I don’t think there is any easy answer. Even if you look at one particular reason for accepting subsidiarity it can be tough to decide. Suppose you think that more local bodies are better able to make decisions for themselves. One the one hand, that might support allowing local governments to decide what is best for their specific conditions. But on the other hand, that might support letting each person decide for themselves whether or not they want to continue masking. And there is something to both these thoughts. Ideally, those who are vaccinated can mostly go without masks and those unvaccinated should continue wearing masks. So, ideally, people could make the best decision for themselves.
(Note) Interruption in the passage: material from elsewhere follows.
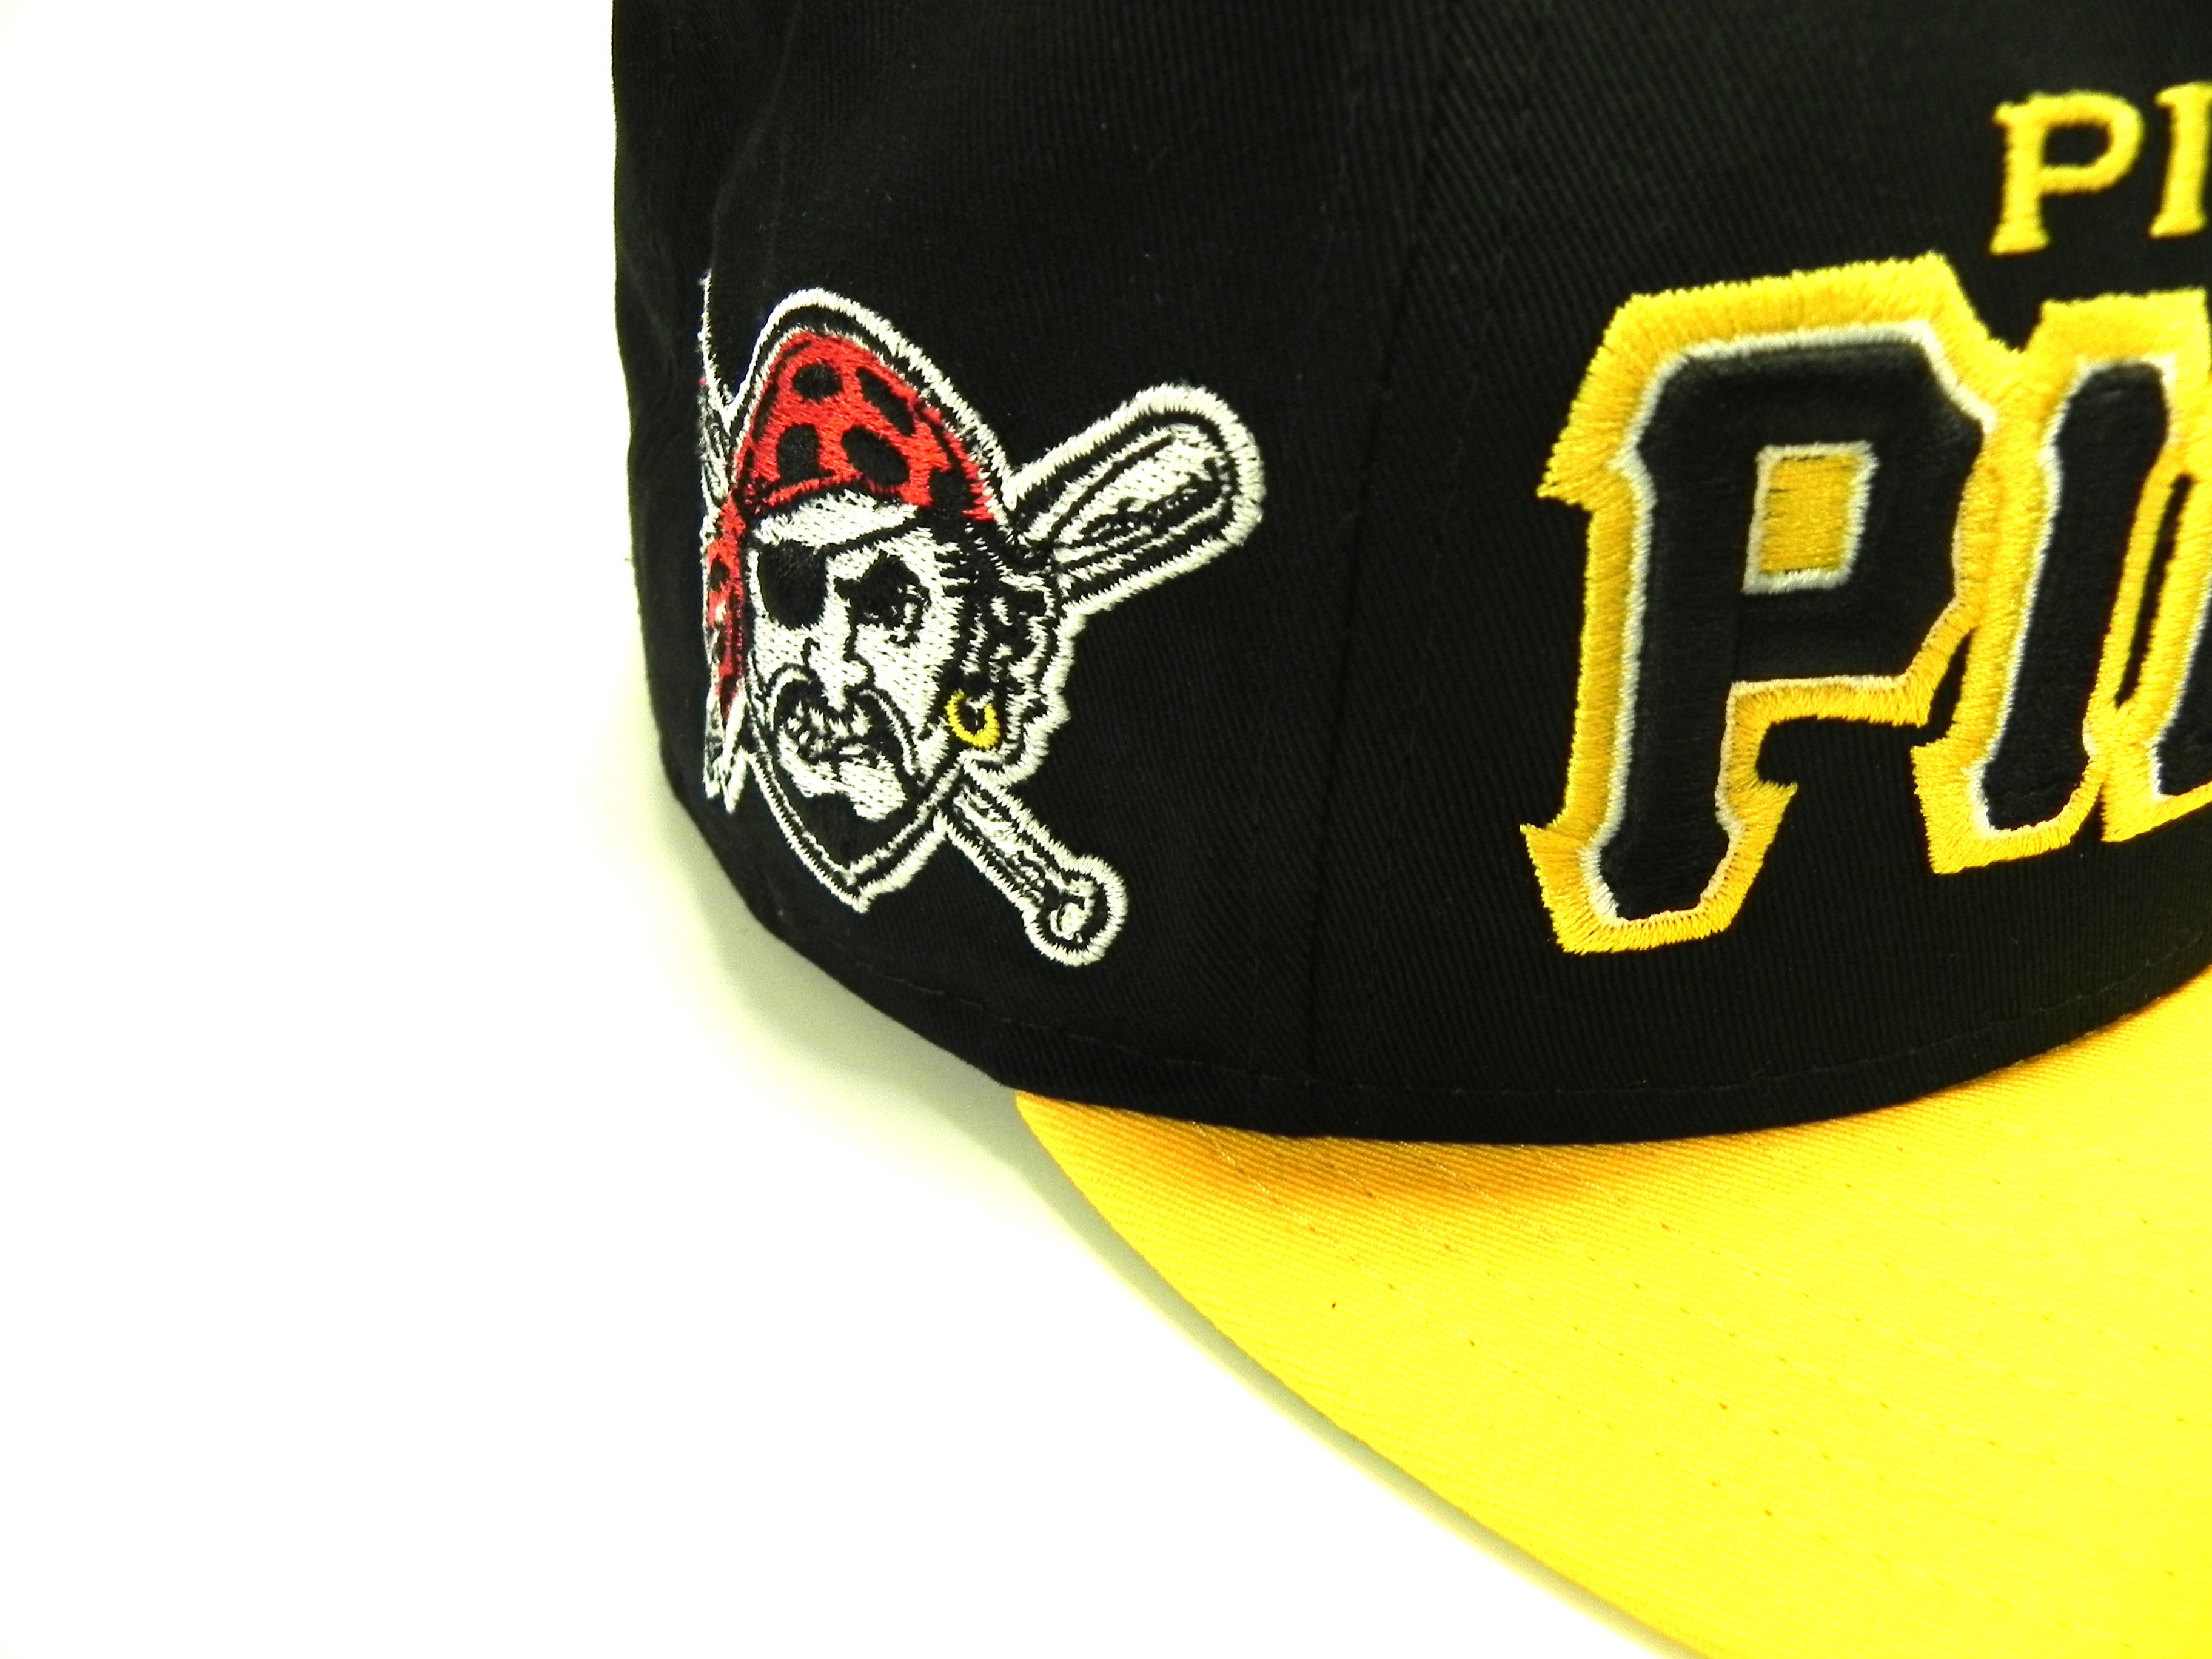 pittsburgh pirates iphone wallpaper,cap,clothing,yellow,baseball cap,headgear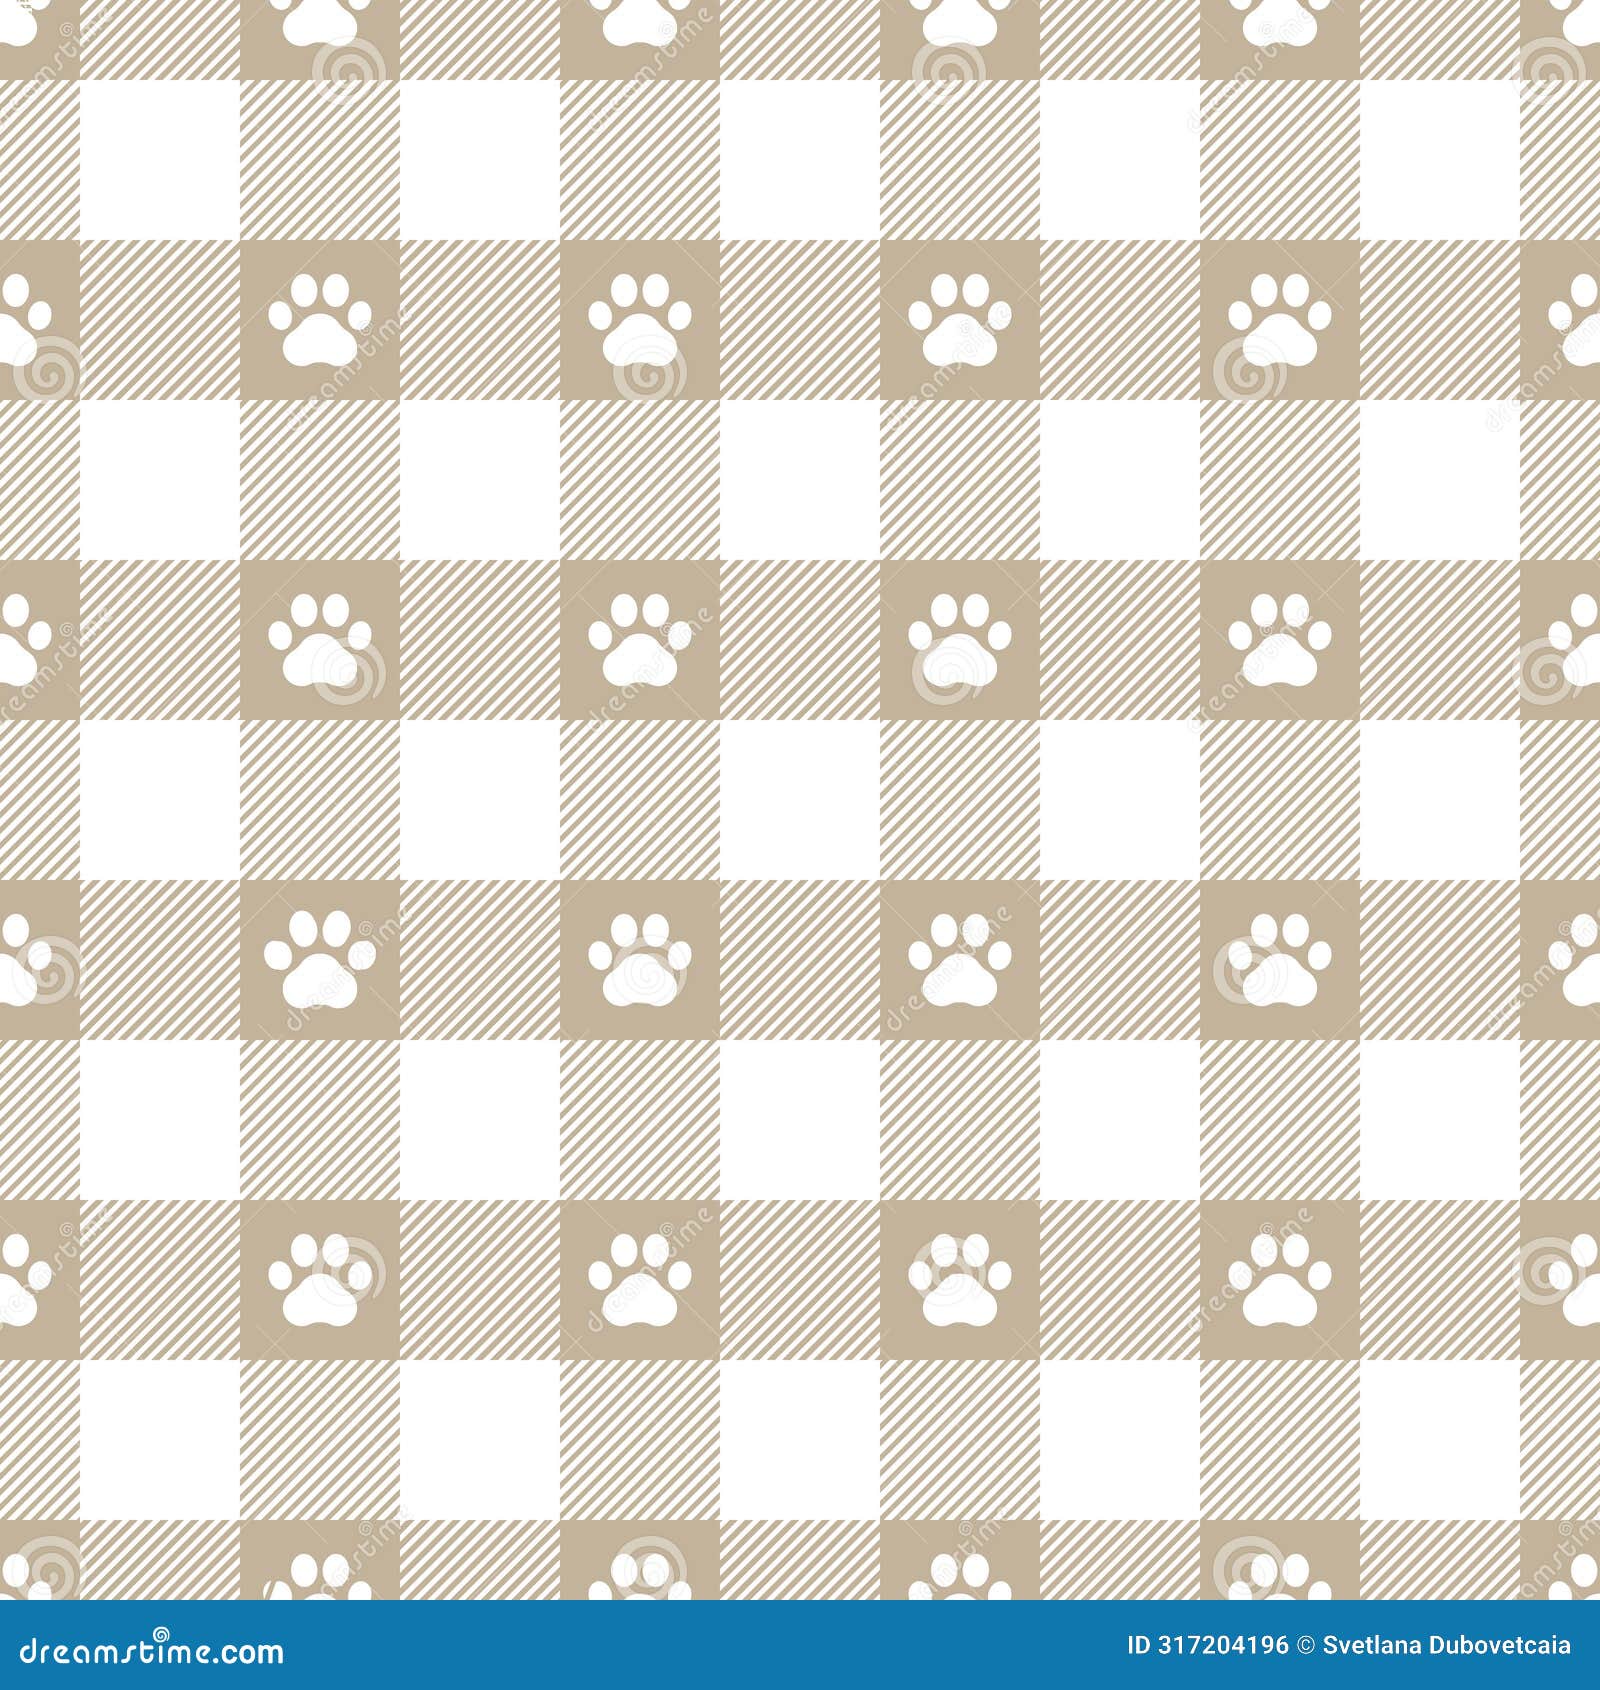 paw print seamless pattern. repeating cute plaid tartan pastel color. check  prints. repeated scottish madras fabric

But then again, sometimes people make bad decisions and impose risks on others, and you might think that local authorities are in the best position to know how high the general risk is in a given local community.

In this particular context I’m inclined to think that local authorities should be empowered to make emergency decisions. I think the principle of subsidiarity means that states should not dictate what local governments can do.

But on the other hand, sometimes I support overarching restrictions. For instance, the Constitution is federal law that prevents states from imposing a religion on their citizens. I think the choice of religion should be up to individuals, and as such it is appropriate for the Supreme Court to impose on states a prohibition on compelling religious practice.

The puzzle persists, then, and there are no easy answers.